WHAT THIS TASK INVOLVES
Every line in the listing below from the one with "LG Electronics manual" through the one with "Aqua T-Shirt - Bella" is to be reproduced exactly, both ends included; leave out the rest.

DATASET ENTRIES

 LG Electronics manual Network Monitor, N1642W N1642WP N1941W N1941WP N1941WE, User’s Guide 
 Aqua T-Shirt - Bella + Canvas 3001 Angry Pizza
==
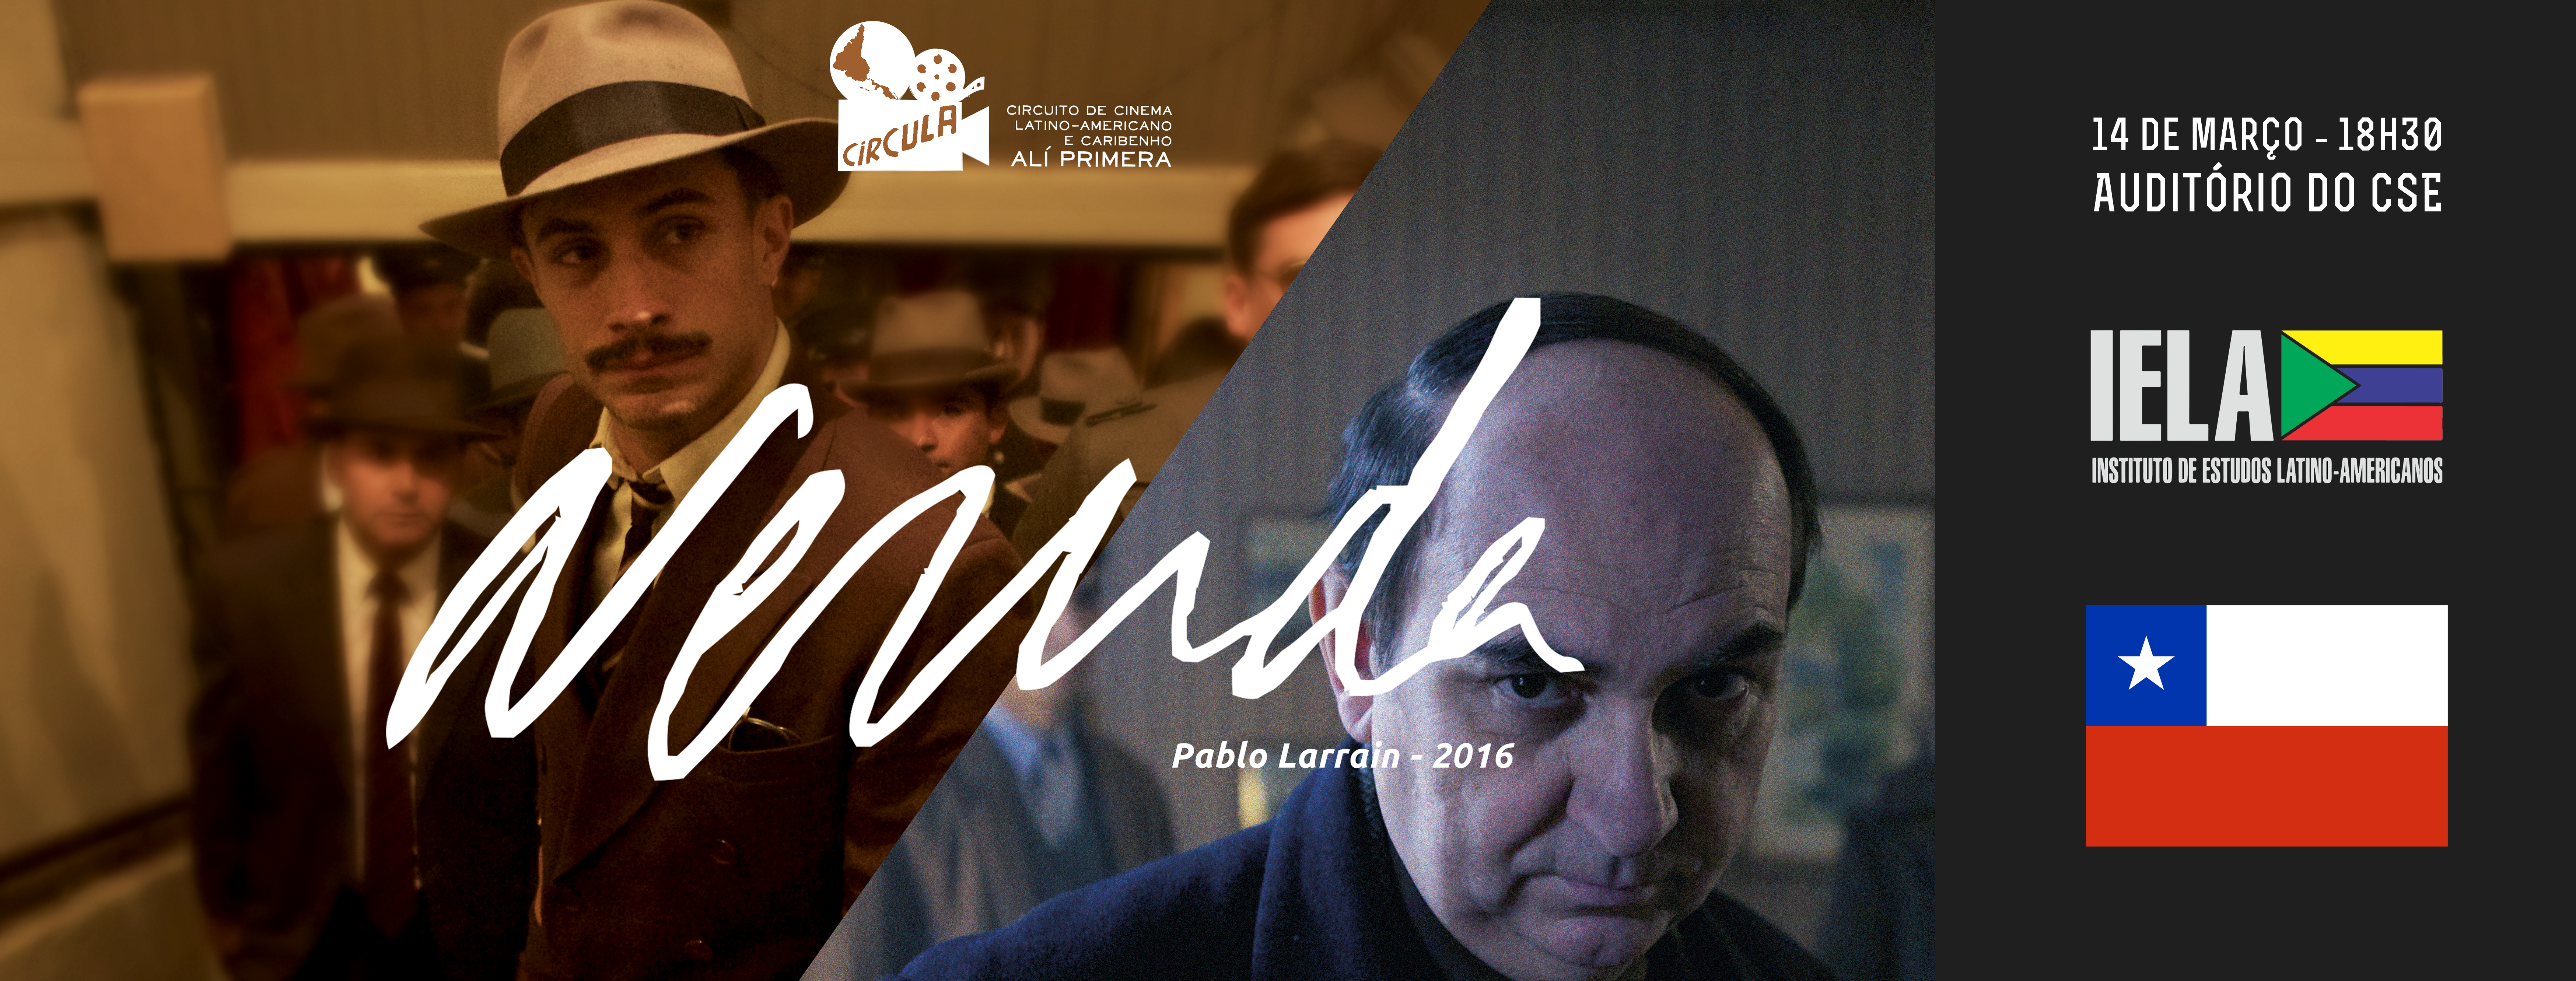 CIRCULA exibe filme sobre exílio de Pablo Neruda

RESULT OF THIS EXERCISE
 LG Electronics manual Network Monitor, N1642W N1642WP N1941W N1941WP N1941WE, User’s Guide 
 Aqua T-Shirt - Bella + Canvas 3001 Angry Pizza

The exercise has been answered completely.